By Quinne Lowe @sports_qa on June 20, 2014
With a new coaching staff and some new weapons on both the offensive and defensive side of the ball the Detroit Lions are heading towards training camp with a lot of optimism. But they also have questions that must be answered if they want to become consistent winners. The following five questions need to be answered before opening the regular season against the New York Giants on Monday Night Football.
Over the last couple of seasons the offensive line has been the least of the team's worries and could even be called the most stable. However, the weak-link position is RT and coordinator Joe Lombardi must decide who is the long term answer there: Laadrian Waddle or Corey Hilliard? Waddle served as a capable backup when Hilliard went down with an injury. Does Hilliard reclaim his job or is Waddle, an undrafted pick-up, the future?
The Lions found their No. 2 receiver in Golden Tate, but beyond him and Calvin Johnson, what other receivers will the Lions be able to depend on for production? Jeremy Ross, Kris Durham and Ryan Broyles all have shown flashes of potential but are not without concerns. For the offense to be successful the Lions needs two, if not three of these guys to solidify themselves as reliable targets. Rookie TJ Jones is the wildcard of the group as well.
The Lions fans and media were in an uproar when Stafford said he didn't need any help in fixing his shortcomings from last season. But he has to realize that his mechanics and decision making weren't the best at the end of the season. And while it may not be a major overhaul, Stafford must show that he is open to Jim Caldwell and Joe Lombardi critiquing his play and adjusting his mechanics to improve his play.
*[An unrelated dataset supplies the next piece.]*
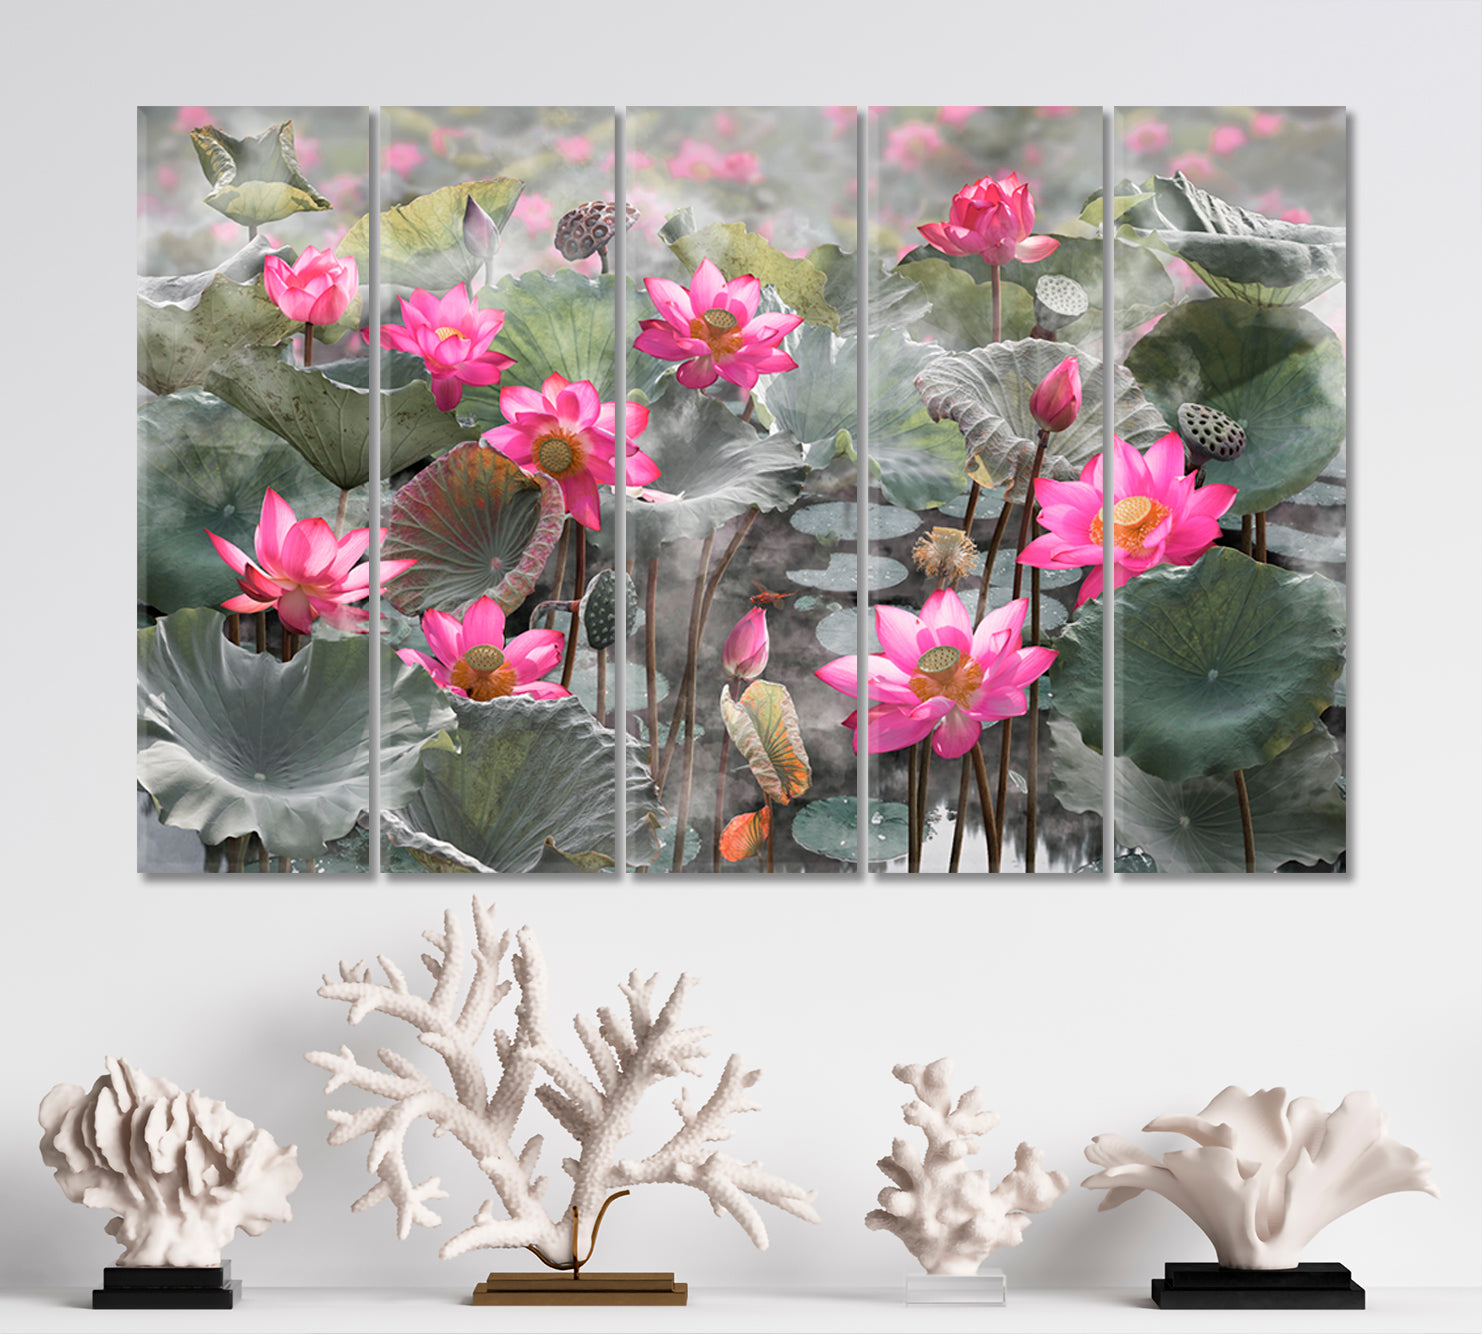 LOTUS POND Beautiful Pink Water Lily Blooming Lake Poster Floral & Botanical Split Art Artesty 5 panels 36" x 24"

The Lions defensive backfield was a mess in 2013 and with the release of Chris Houston from a postion that was thin on production. It's been speculated that Darius Slay and Rashean Mathis would be the starters, but is that because those two are the most talented or because they played the most out of the group left to choose from? Coordinator Teryl Austin must answer this quickly, and if it's the latter find help quickly.
Having a new head coach that expects more from his players could be a major adjustment for the Lions franchise that had a discipline issue that started at the top. But if the Lions want to turn around the perception of being the "laughable leos," the players have to be able to trust what Jim Caldwell and his staff are trying to instill in them -- more of a cultural change and not just on-field system adjustments.